▶ [Exercise requirements]: In the material below, pictures must be dropped. Repeat exactly, and only, the lines from the line with "Cube remix. The" to the line with "กล้อง Hikvision รุ่นDS-2CE16D0T-ITFS", both ends included.
--- Data for this task ---
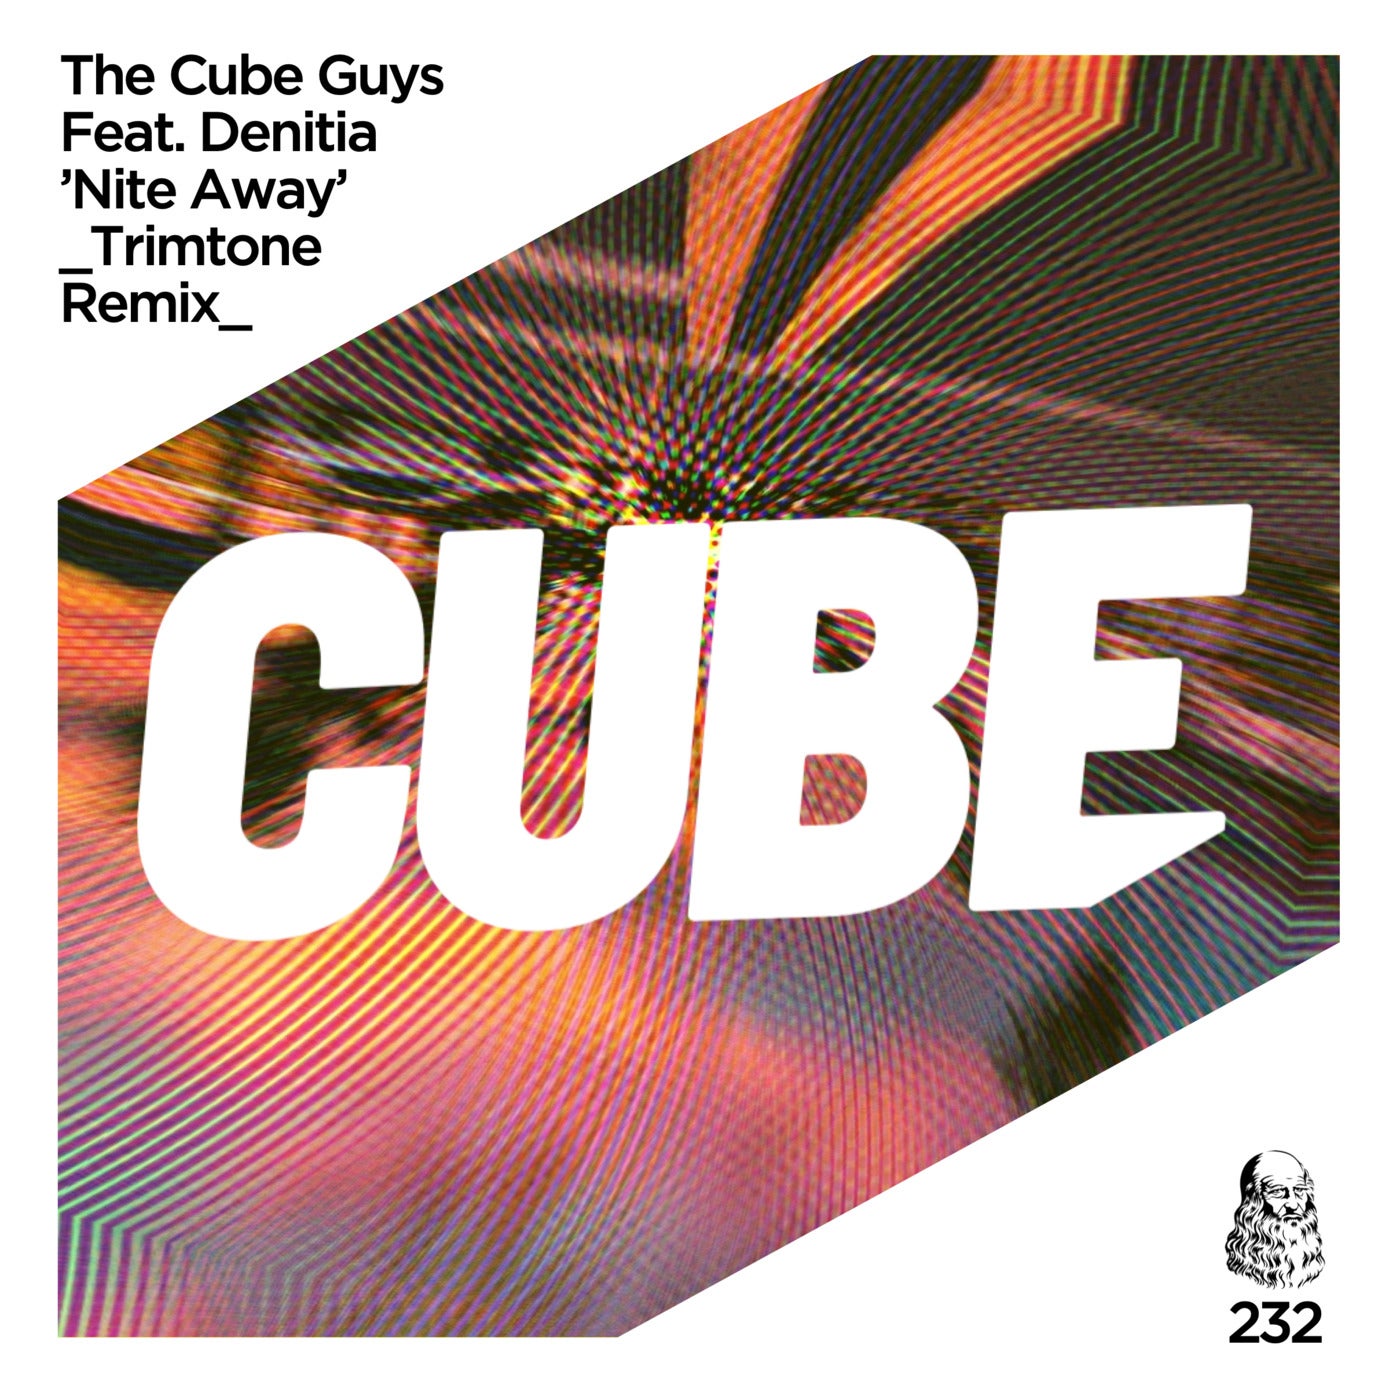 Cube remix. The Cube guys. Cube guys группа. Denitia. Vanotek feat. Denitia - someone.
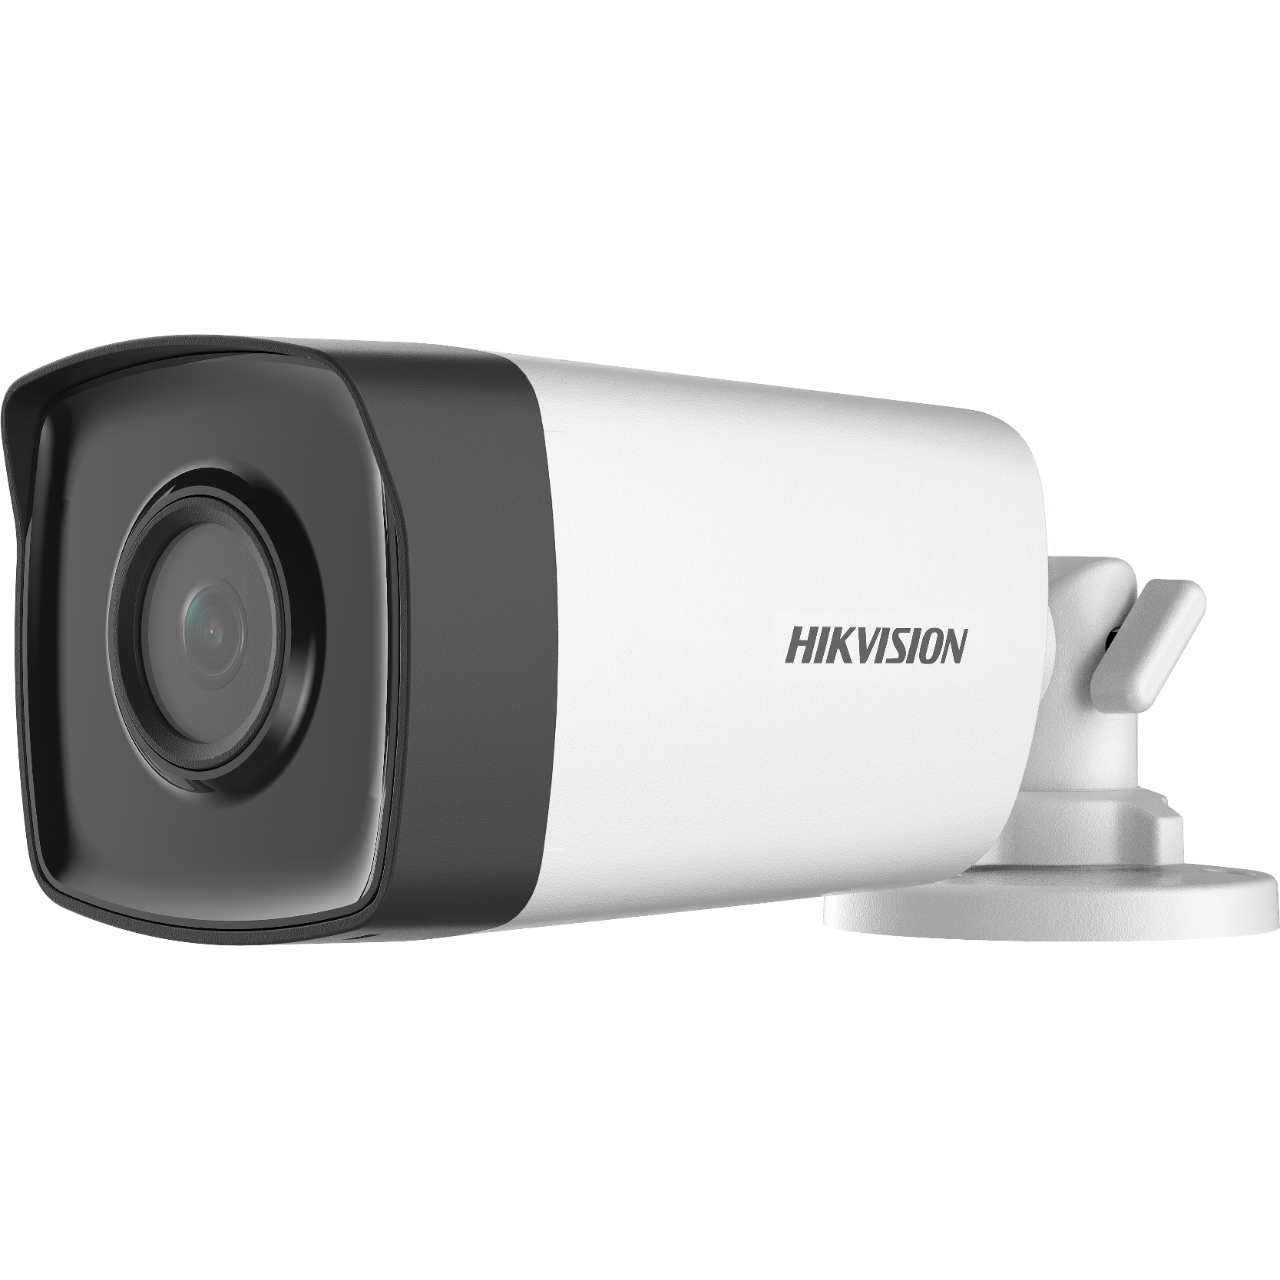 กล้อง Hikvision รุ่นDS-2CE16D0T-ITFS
---
--- Data for this task ---
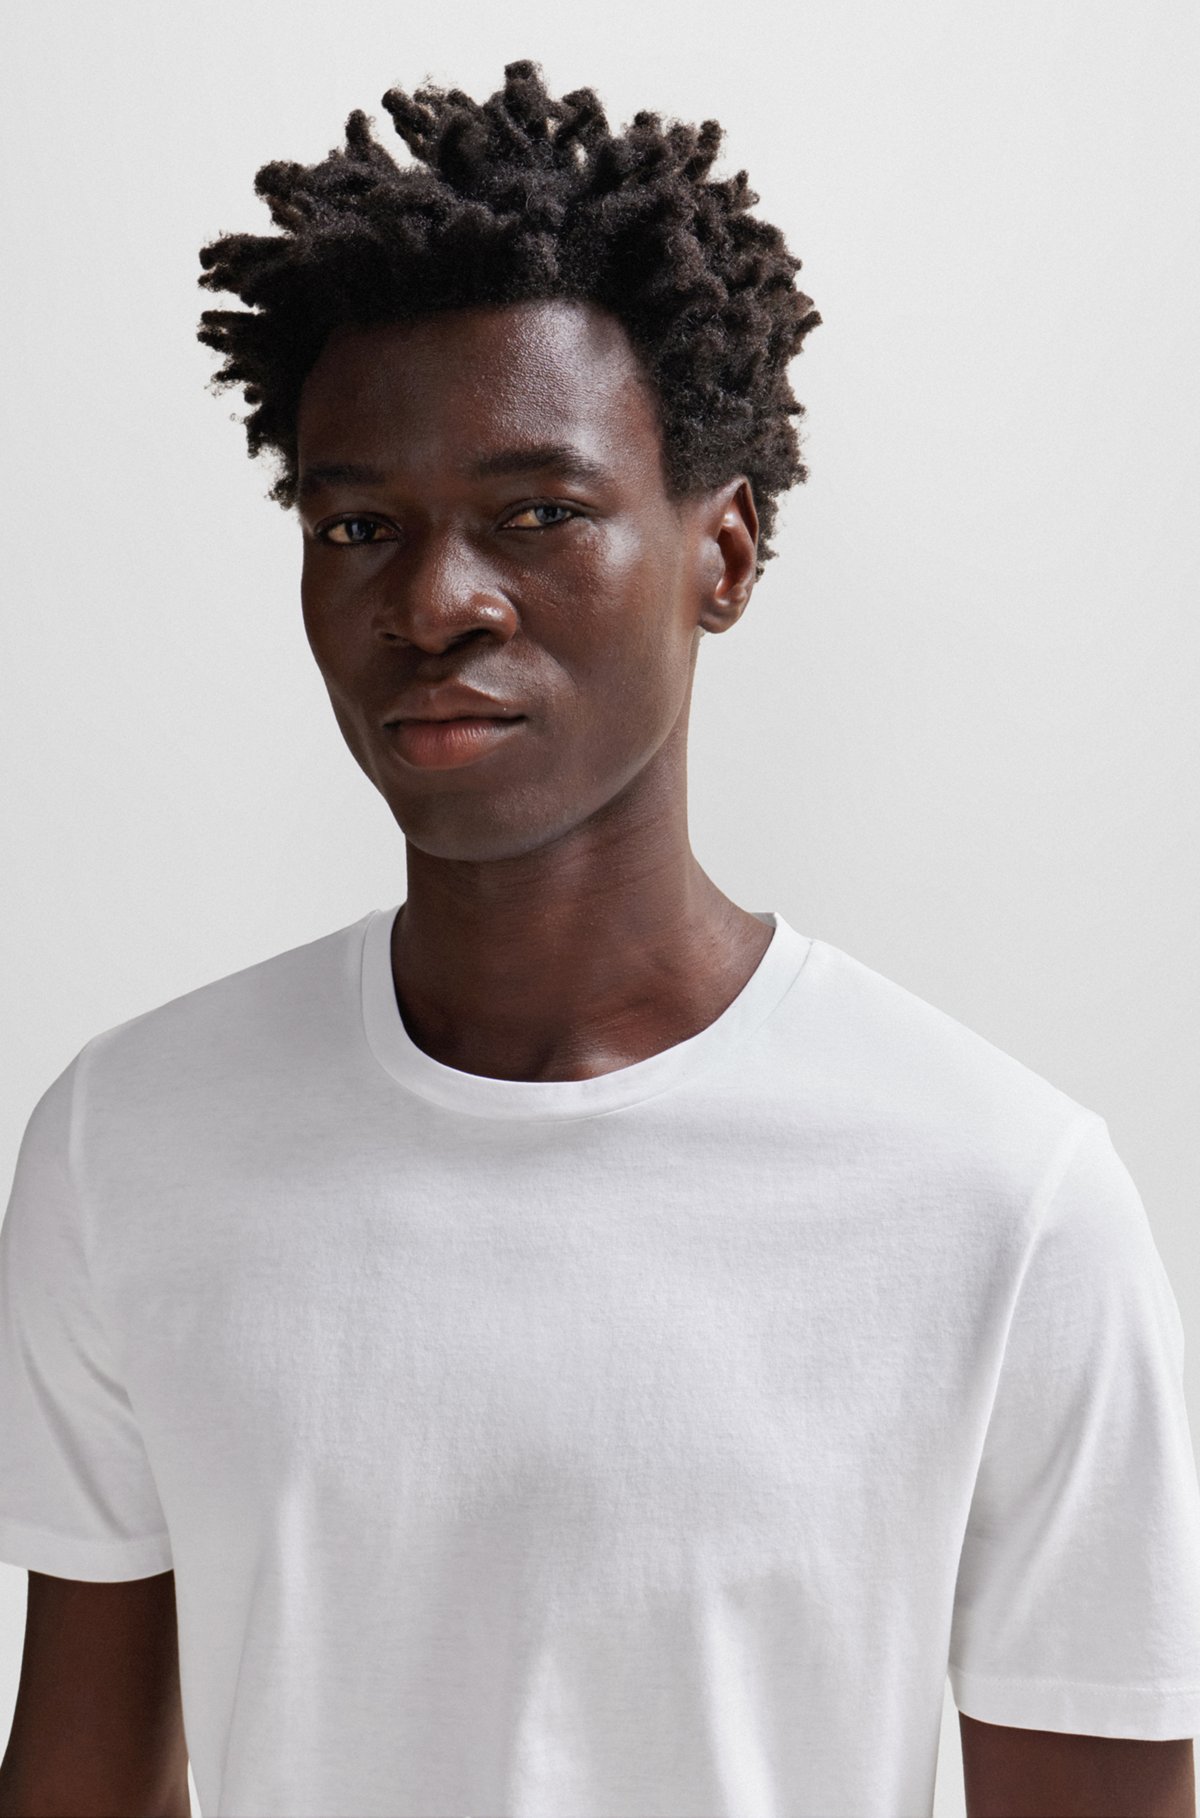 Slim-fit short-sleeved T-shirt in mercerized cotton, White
---
▶ [Written answer]:
 Cube remix. The Cube guys. Cube guys группа. Denitia. Vanotek feat. Denitia - someone.
 กล้อง Hikvision รุ่นDS-2CE16D0T-ITFS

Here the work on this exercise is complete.